- [Aim of the exercise]: A faithful copy of all the data is required; pictures should not be included.

- [Collected material]:
# # # # #

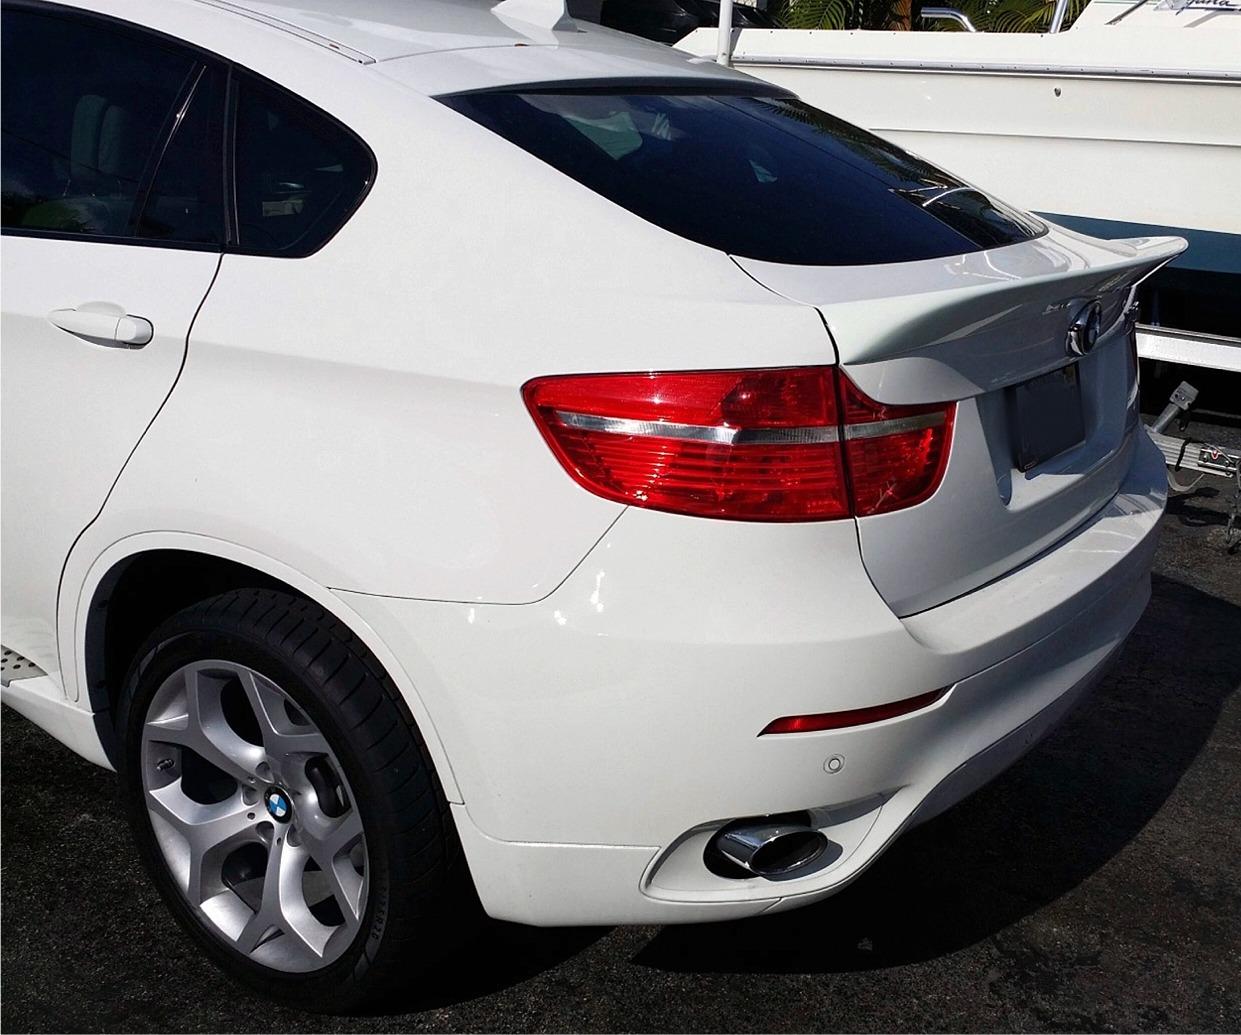 Bmw X6 Usa: 2008-2013 BMW X6 ACS Style Rear Lip Spoiler
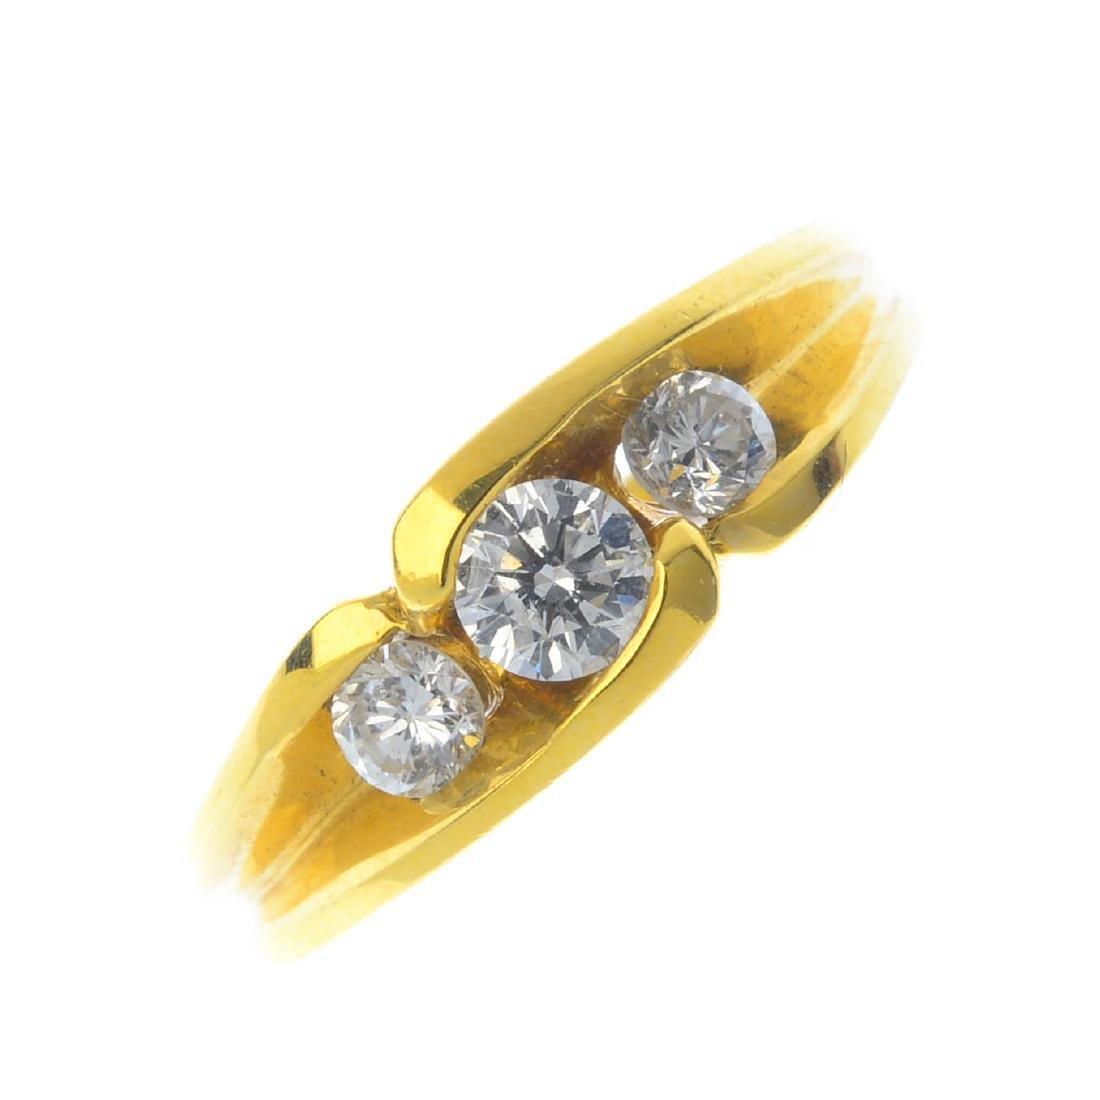 An 18ct gold diamond three-stone ring. The graduated
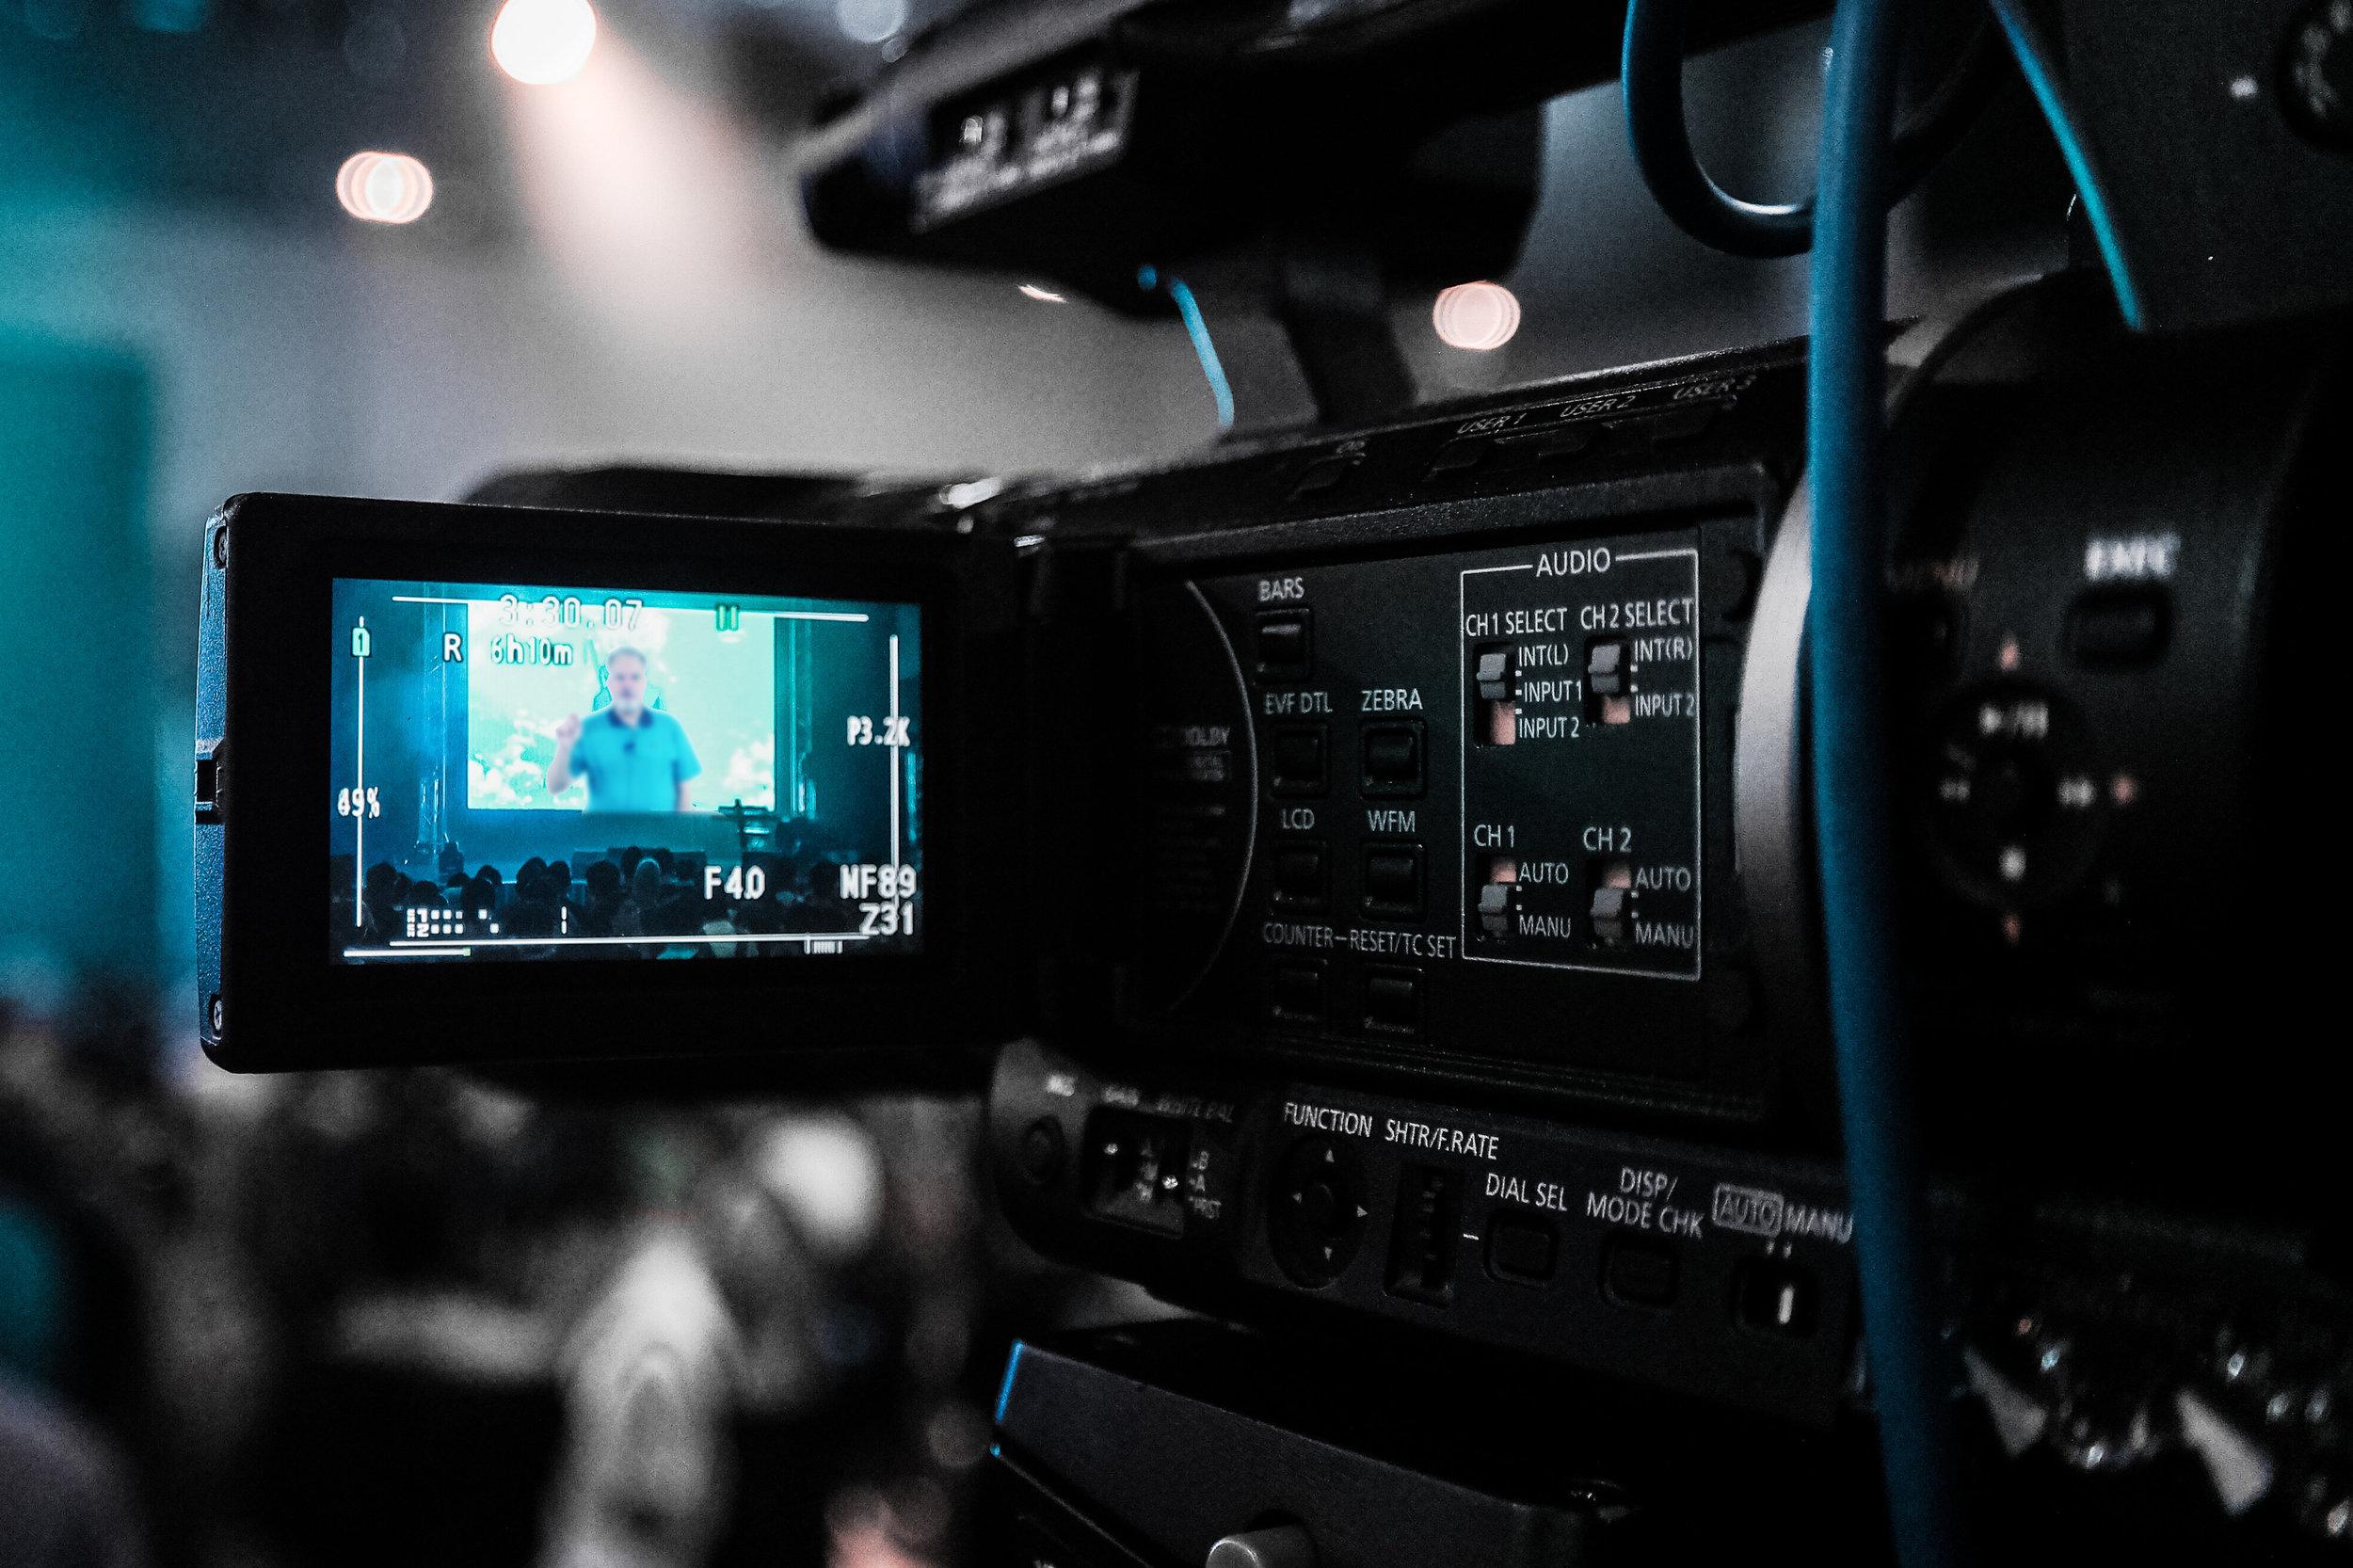 broadcast-broadcasting-camcorder-66134 copy.jpg

# # # # #

- [Output for this task]:
 Bmw X6 Usa: 2008-2013 BMW X6 ACS Style Rear Lip Spoiler
 An 18ct gold diamond three-stone ring. The graduated
 broadcast-broadcasting-camcorder-66134 copy.jpg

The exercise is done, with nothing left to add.